In this article, we are going to discuss the most common nose concerns that can be corrected or improved with rhinoplasty.

Aesthetic Nose Concerns 

Dorsal Hump

Other names: humped nose, nasal bump

One of the most common reasons people consider rhinoplasty is a prominent bump or hump on the dorsum (bridge) of the nose. This is a result of excess nasal bone and cartilage on the bridge, making the nose look large and masculine, especially when viewed in profile. While some people may find a small nasal hump attractive in men, almost all agree that it’s not an aesthetically pleasing feature in women as it makes the face less feminine.

Dorsal Hump

The presence of a dorsal hump is often related to hereditary factors and it runs in some families. It may also be caused by physical trauma or surgery. Depending on the location of the hump, it may be made of bone or cartilage tissues. If it is located at the upper part of the dorsum, it is bony and if it is on the lower part, it is made of cartilage. In any case, a dorsal hump can be removed through rhinoplasty and a bone shaving technique to make the nasal bridge straight or even give it an inward curve, enhancing the profile of the face.

Hooked Nose

Other names: aquiline nose, roman nose

A hooked or hook nose, sometimes called an ‘aquiline nose’ or a ‘roman nose’, has a high bridge and a droopy tip. A hook nose is actually a nose with a dorsal hump and a tip that points downward, creating a convex dorsal curve and a shape that resembles an eagle’s beak, which is why it is called ‘aquiline’ (like an eagle). This nose shape is sometimes called ‘hawk nose’ when the nasal tip is more pointed and the bridge is thinner. 

Roman Nose









Although a typical hooked nose always has a nasal hump, not all noses with humps are considered hooked because a nose may have a dorsal hump but the tip isn’t drooping and may even point upward. Hooked noses are more prevalent among people from certain ethnicities and geographical regions, such as Native Americans, Jews, Latinos, Southern Europeans, Middle Easterners, and people from the Mediterranean and Central Asia.
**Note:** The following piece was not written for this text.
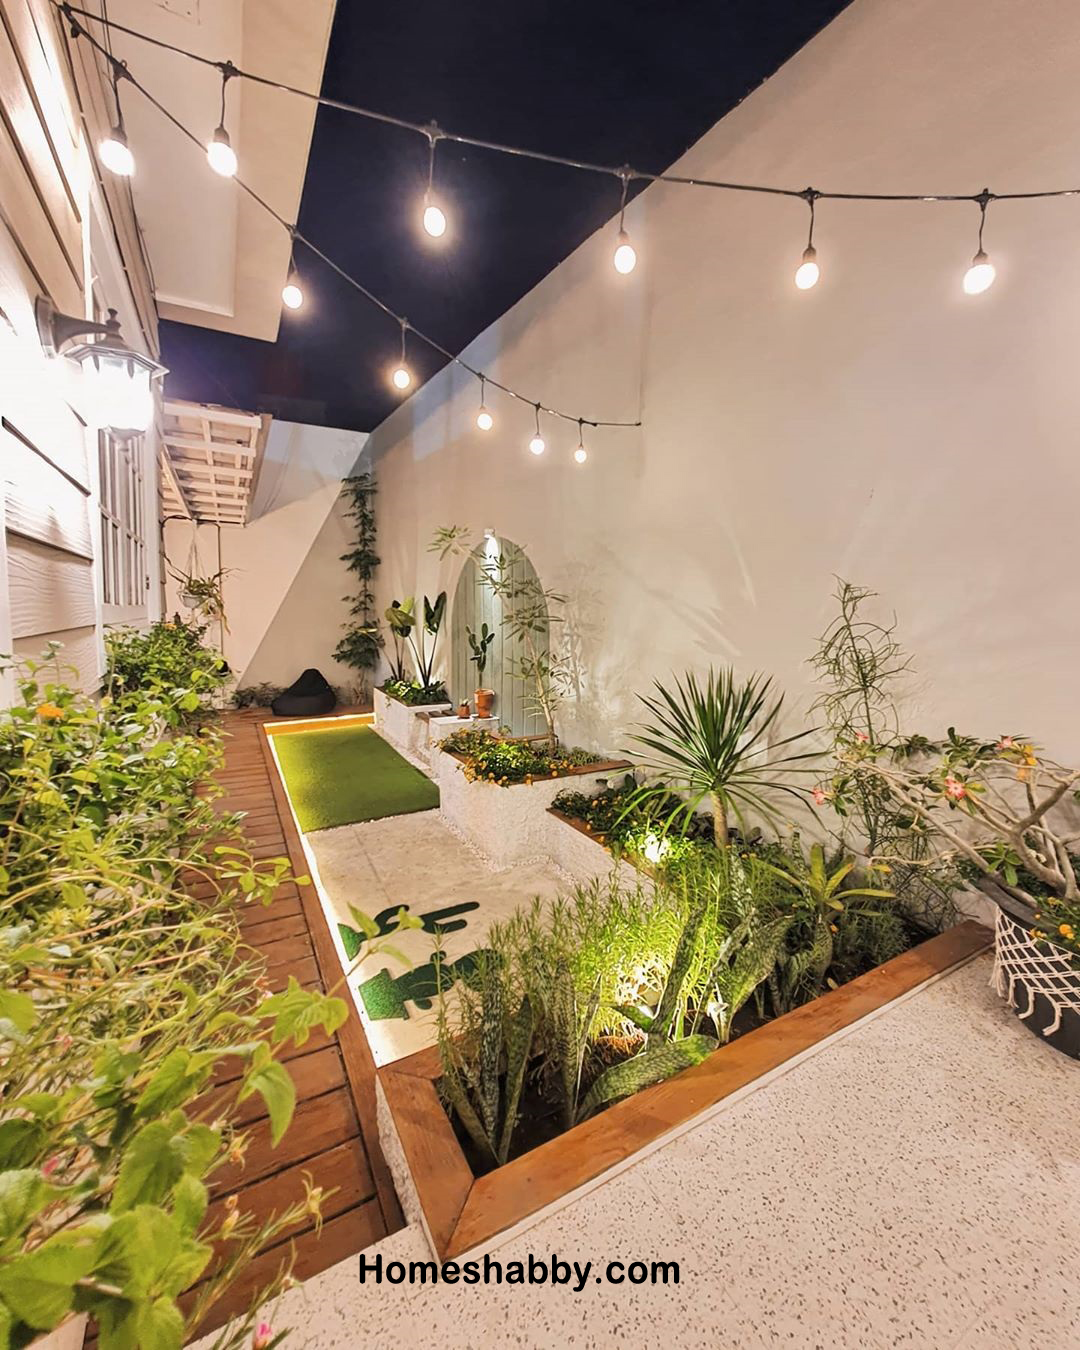 Inspirasi Taman Belakang Rumah Yang Asri Dan Sebagai Resapan Air Homeshabby Com Design Home Plans Home Decorating And Interior Design

Also read: Nose Shapes Across Ethnicities

A hooked nose was historically associated with good personal qualities such as intelligence, nobility, and power. Today, an aquiline nose connotes masculinity and some people still consider it attractive in men, but it is disfavored by many others as big and ‘ugly’, especially in women. 

Aquiline Nose









This nose shape is especially noticeable from the side view and is hardly visible when you look at it from the front. A rhinoplasty procedure can completely fix a hook nose and significantly improve an individual’s side profile. In this procedure, a plastic surgeon softens the contours of the nose by shaving the bumpy structure to lower the bridge and reposition the cartilages of the nasal tip (tip rotation). 

Droopy Nasal Tip

A common issue people have with the tip of their nose is droopiness. A droopy nasal tip can be caused by a lack of support due to insufficient cartilage and weak structure at the tip or otherwise over-projected cartilage, as well as a too-long septum or excess skin. This makes the nasal tip point downward and close to the lips, creating a too small angle between the nose and the lips (nasolabial angle), which is not aesthetically pleasing.









A drooping nose tip can be corrected with a rhinoplasty technique that is more technically known as tip rotation. Depending on the cause of the droopiness, a surgeon uses different techniques to elevate the tip and improve the contours of the nose. If the problem is due to a lack of cartilaginous support, the surgeons may adopt a cartilage grafting approach to provide support for the fleshy tissue of the tip. But if it is due to excessive cartilage or tissue, the doctor removes some of them or repositions and tightens them with sutures to create the ideal nasolabial angle. The ideal nasolabial angle is 100 to 150 degrees for women and 90 to 95 degrees for men. 

Bulbous Tip

Other names: boxy tip

When talking about different nose shapes, people often describe a nose with a big and round tip as ‘bulbous’. In some people, the nose has a broad and rectangular appearance, which is sometimes referred to as a ‘boxy’ tip. A bulbous or boxy nose tip is due to the shape and spacing of the nasal cartilages and extremely thick skin, making the nose look too big and disproportionate to other facial features. A bulbous nose is normally a genetic or ethnic physical trait.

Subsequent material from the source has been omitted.